- _Try it_: The data below should be retyped exactly, with the pictures left out.

- _Dataset section_:
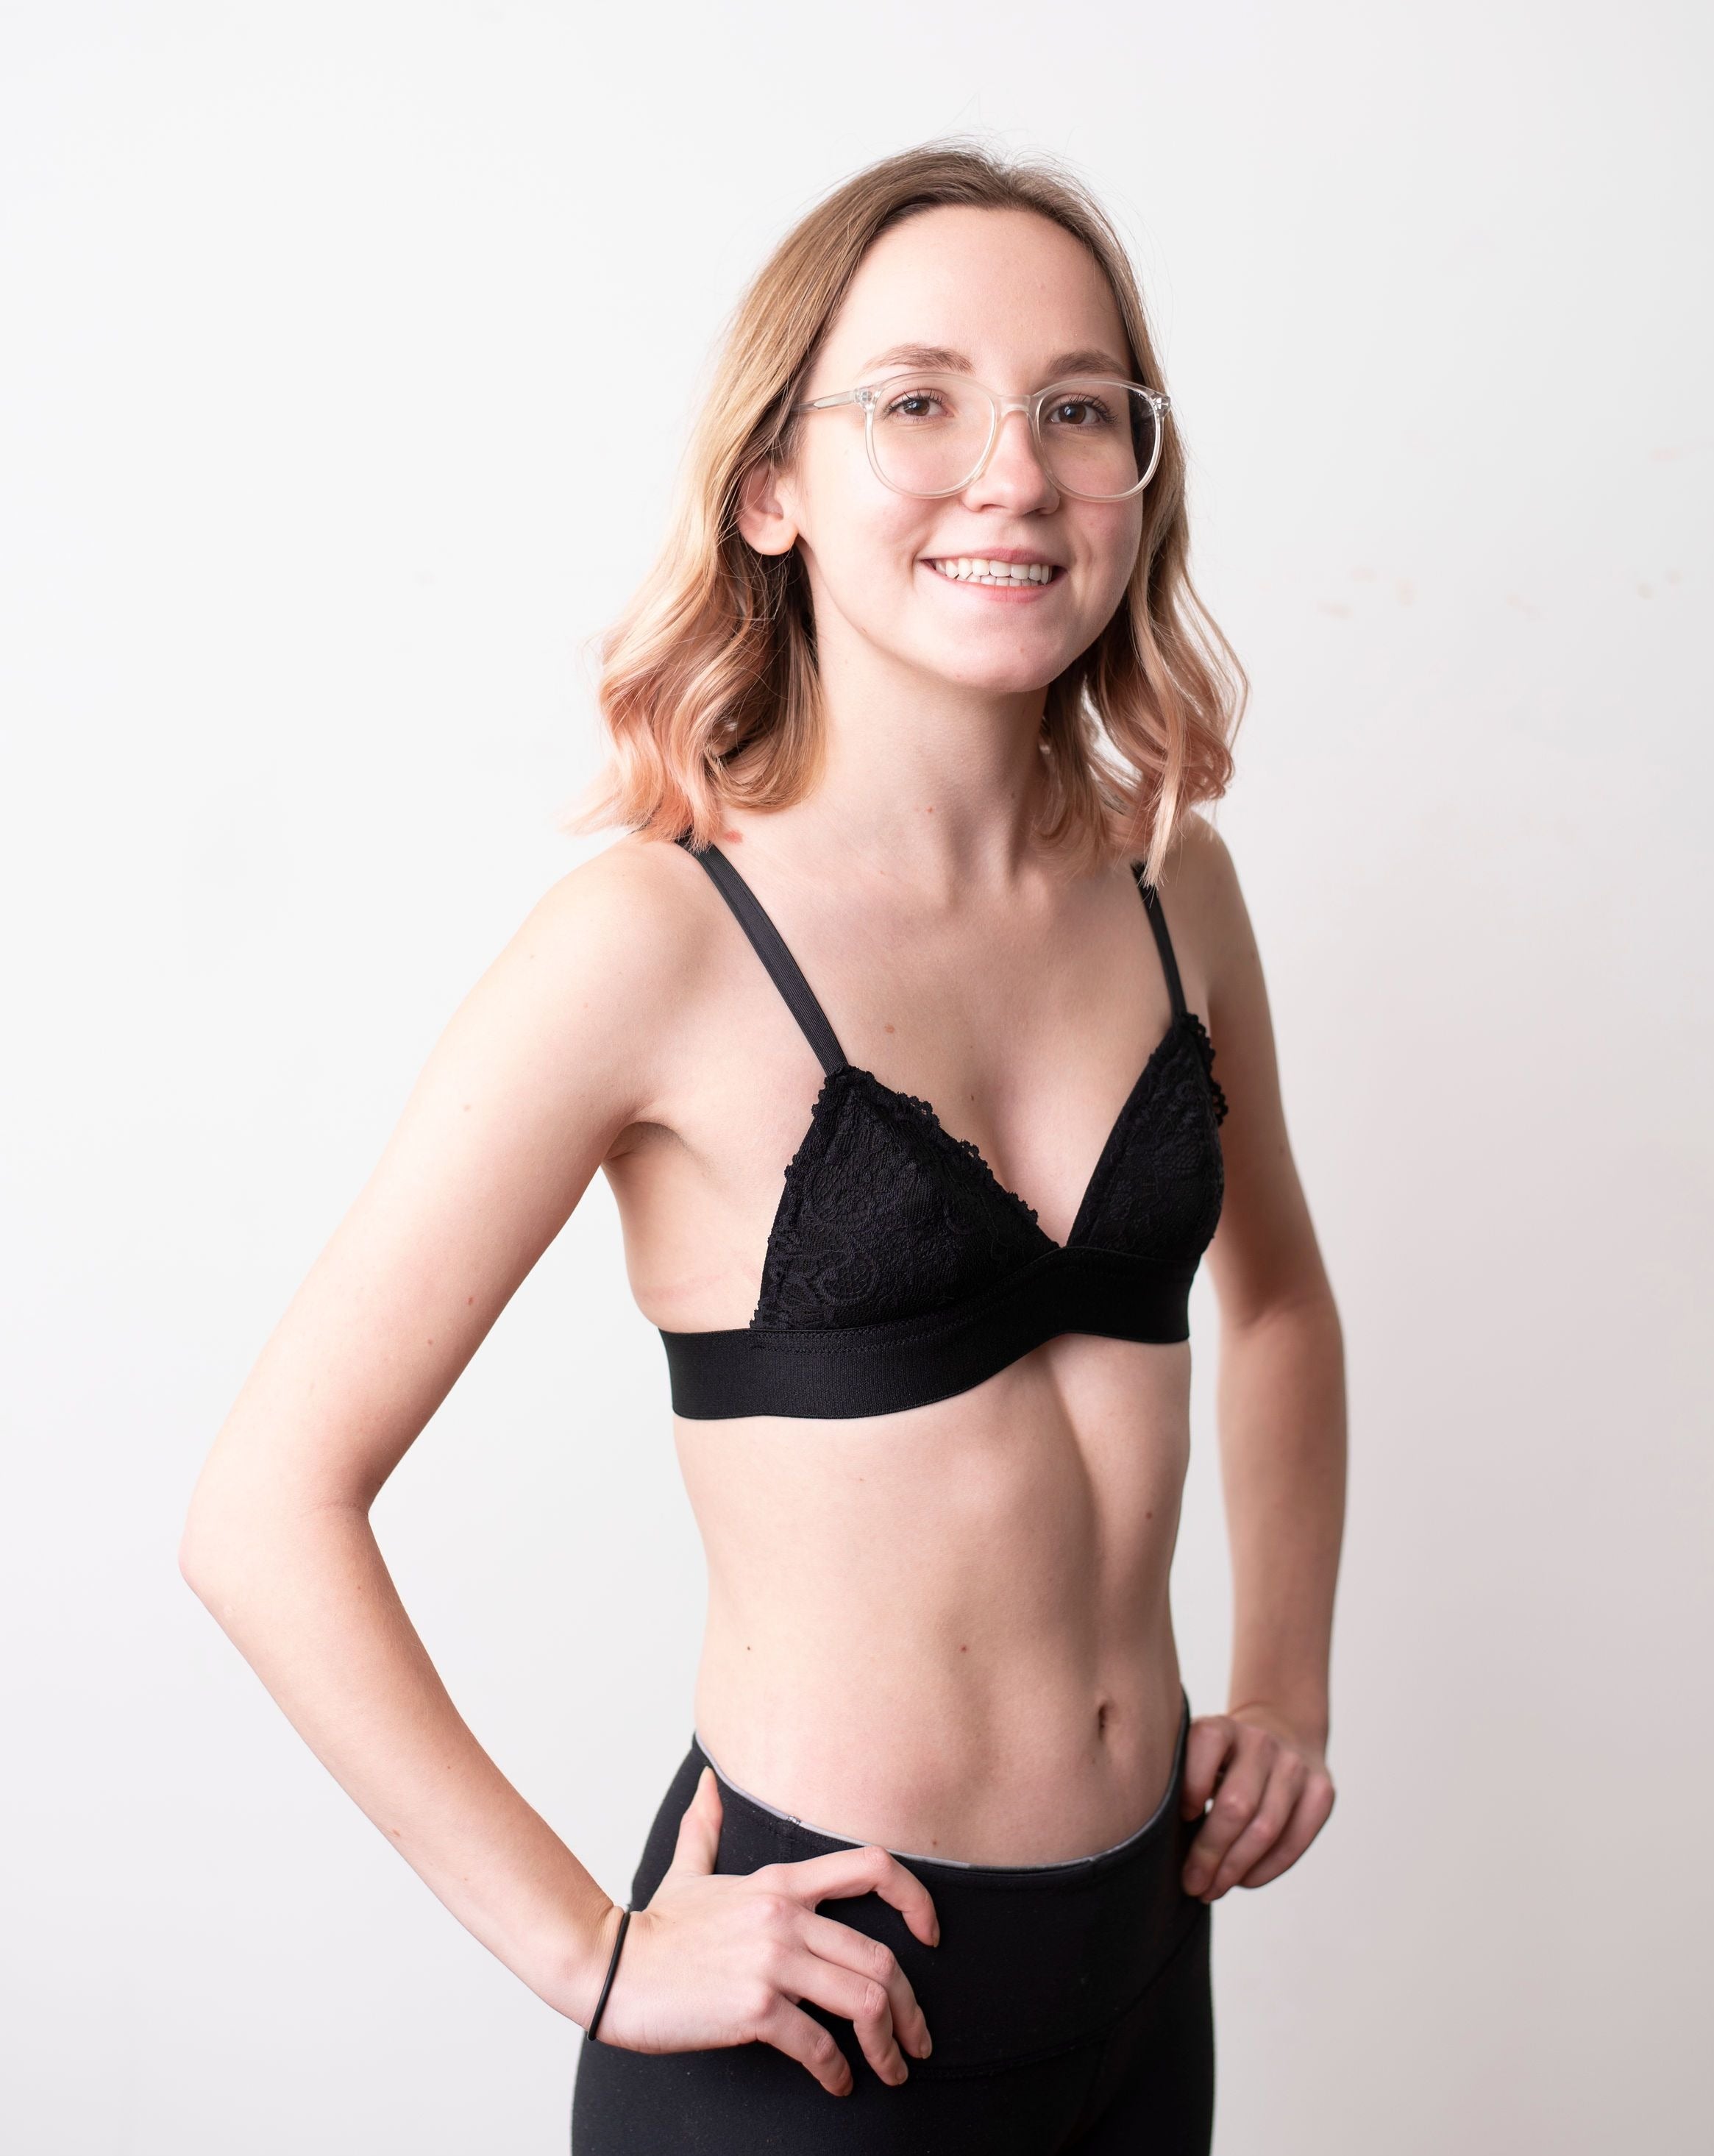 Haley from Rubies Bras, a female with medium blond hair wearing a black scalloped lace wirefree bra from our petites collection. Full side body shot on white back drop.
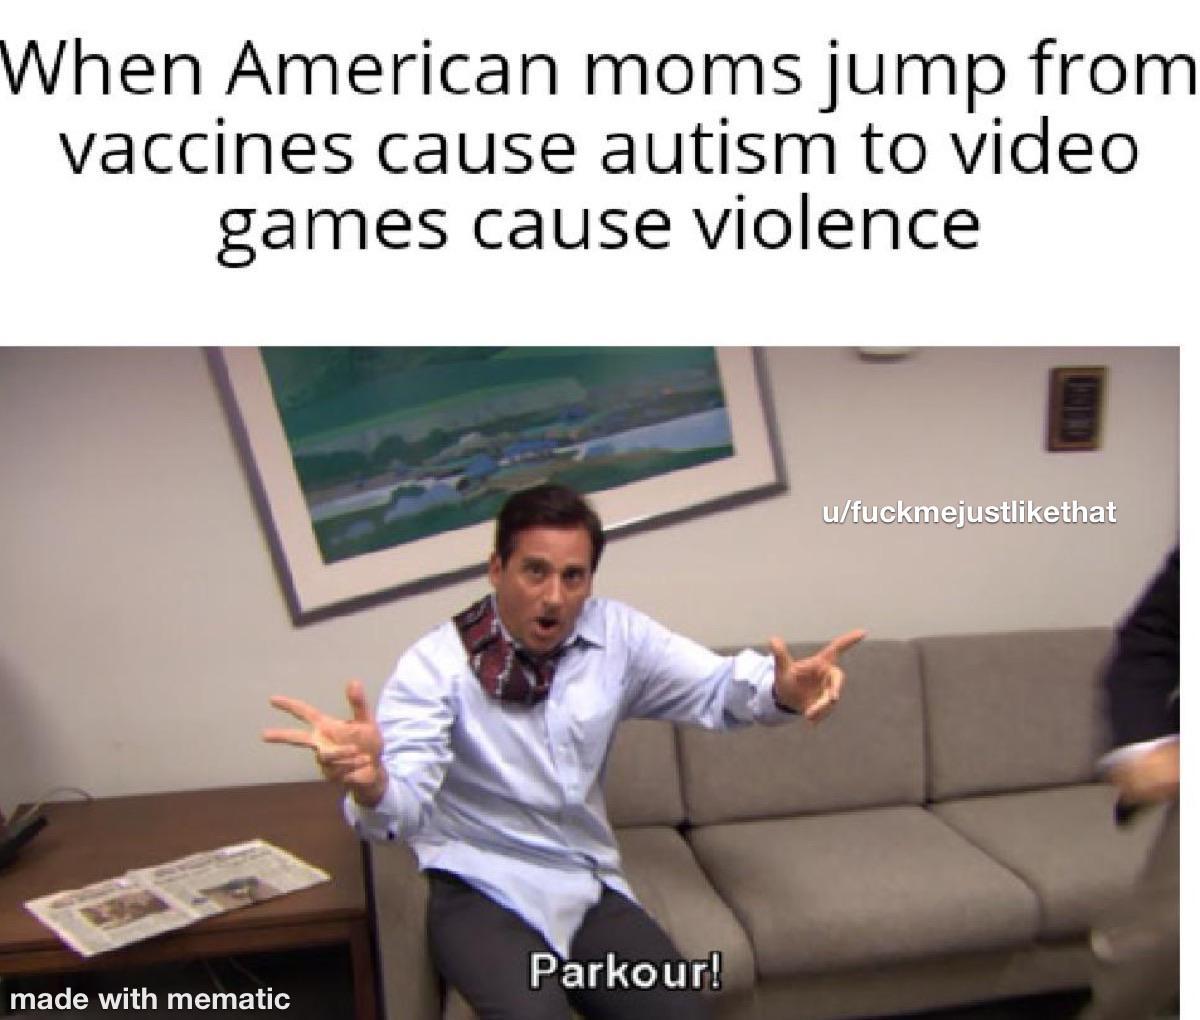 funny gaming memes - office parkour meme - When American moms jump from vaccines cause autism to video games cause violence ufuckmejustthat Parkour! made with mematic
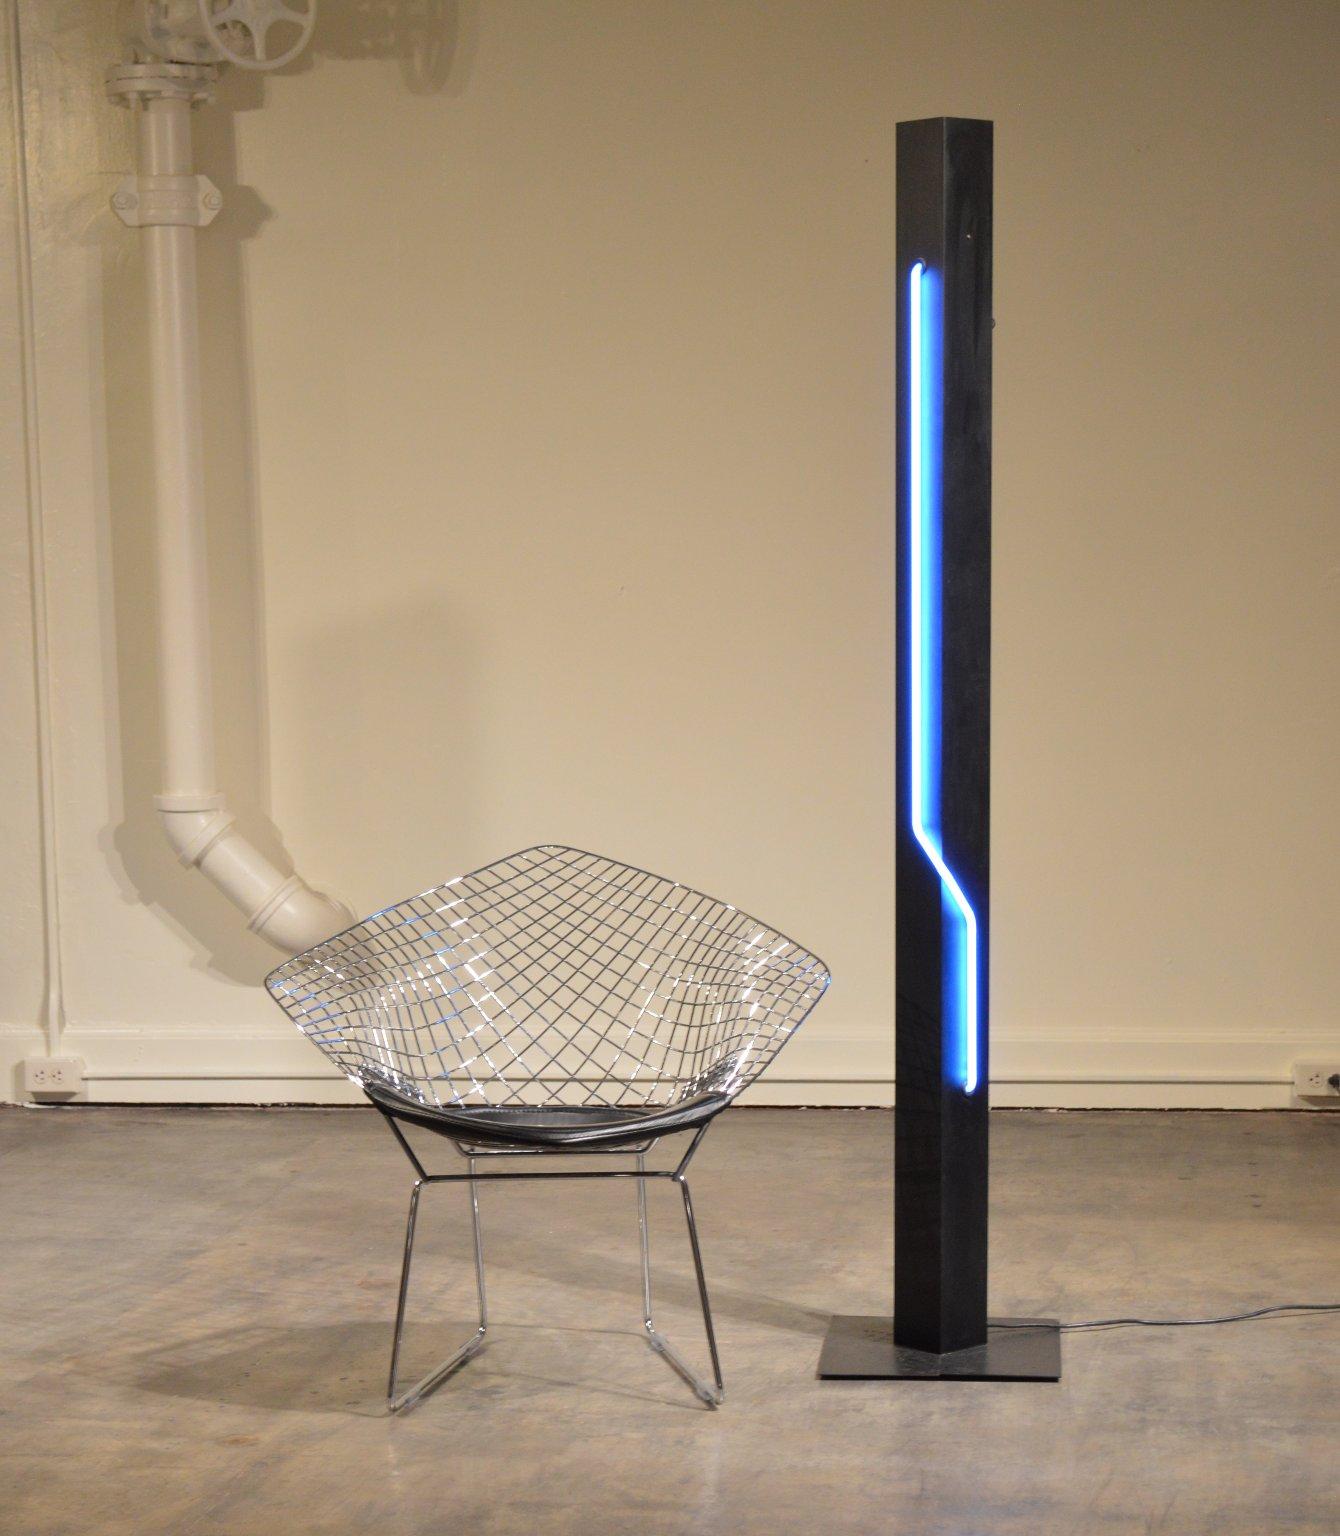 Late 20th Century Post-Modern Blue Neon Torchiere Floor Lamp by Let There Be Neon for Kovacs  For Sale

- _Response to this exercise_:
 Haley from Rubies Bras, a female with medium blond hair wearing a black scalloped lace wirefree bra from our petites collection. Full side body shot on white back drop.
 funny gaming memes - office parkour meme - When American moms jump from vaccines cause autism to video games cause violence ufuckmejustthat Parkour! made with mematic
 Late 20th Century Post-Modern Blue Neon Torchiere Floor Lamp by Let There Be Neon for Kovacs  For Sale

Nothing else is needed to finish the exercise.